The most wrenching testimony came from a 13-year-old girl who was locked down at a bat mitzvah celebration at Bondi Pavilion on December 14 as the alleged terror attack unfolded outside. Through glass doors, she watched hundreds of people fleeing and screaming. She did not witness the shooting itself, but the terror of that day had carved itself into her mind. Months later, she still woke from nightmares. Some of her friends had become so traumatized that the sound of a balloon popping triggered panic. She spoke of the 10-year-old girl killed in the attack, Matilda, and how the sight of the Bondi Bridge or the sound of sirens sent her back to that day. She had tried to hide her Jewish jewelry when out in public. She wanted independence like other teenagers but found herself paralyzed by anxiety about walking alone, afraid another anti-Semitic incident might occur. Her school had increased security. "I don't think Jewish kids should be scared to live normally like other kids do," she said, her voice steady but weighted. "It's not fair. I hope the commission can help us."

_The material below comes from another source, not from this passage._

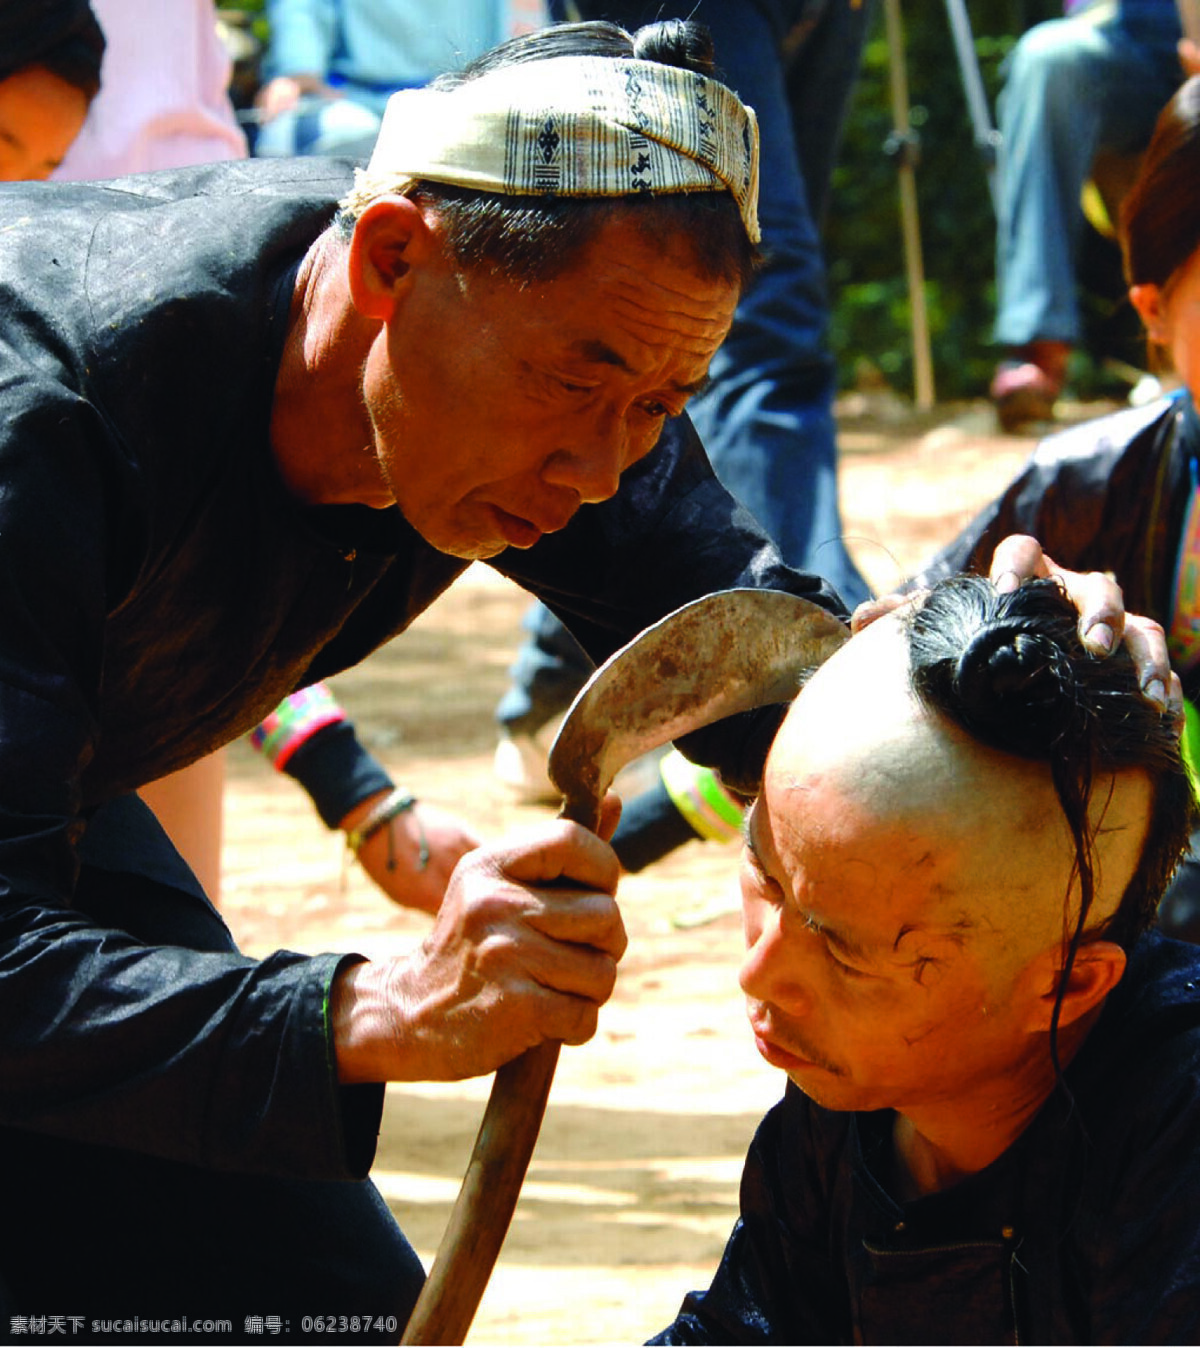 苗寨 剃头 岜沙 凯里 贵州 民俗 旅游摄影 人文景观 摄影图库 300

The two-week hearing, announced after the December 14 attack and formally called by Prime Minister Anthony Albanese in January following sustained pressure, aims to define anti-Semitism, measure its prevalence across Australian institutions and society, and determine how to assess its reach. The commission's work unfolds against a backdrop of escalating incidents—not abstract policy questions but the lived reality of children afraid to be themselves in their own country.
Citações Notáveis
I don't think Jewish kids should be scared to live normally like other kids do. It's not fair. I hope the commission can help us.— A 13-year-old girl who was locked down during the Bondi Beach attack
You can't fix what you won't even name— A mother (AAE) describing her school's refusal to use the word anti-Semitism
A Conversa do Hearth Outra perspectiva sobre a história
Why does a man wearing a swastika shirt outside a hearing about anti-Semitism matter? Isn't he just exercising free speech?
Because the timing and location aren't accidental. He's standing metres from people testifying about the terror that symbol causes them. It's not speech in a vacuum—it's speech designed to intimidate witnesses in the act of seeking justice.
The commission called it "appalling." What would actually help these children feel safer?
The testimony suggests two things: schools need to name anti-Semitism explicitly, not hide behind generic "zero tolerance" language. And adults need to believe children when they report it. One mother said talking to her school felt like talking to a brick wall.
A 13-year-old still has nightmares from Bondi. How does a country heal from that?
Not by pretending it's over. She's still afraid to walk alone, still triggered by sirens. Healing requires acknowledging that the attack didn't end on December 14—it's still happening in her nervous system, in her friends' reactions to balloons popping.
What struck you most in the testimony?
A 10-year-old asking her father where the family could be safe if neither Israel nor Australia was safe. He had no answer. That question—asked by a child who should be thinking about school and friends—that's the real measure of what's broken.
Is the commission's investigation likely to change anything?
Only if schools and institutions actually listen and act. The mother was clear: you can't fix what you won't name. The commission can investigate all it wants, but if schools keep saying "zero tolerance racism" instead of "anti-Semitism," nothing changes.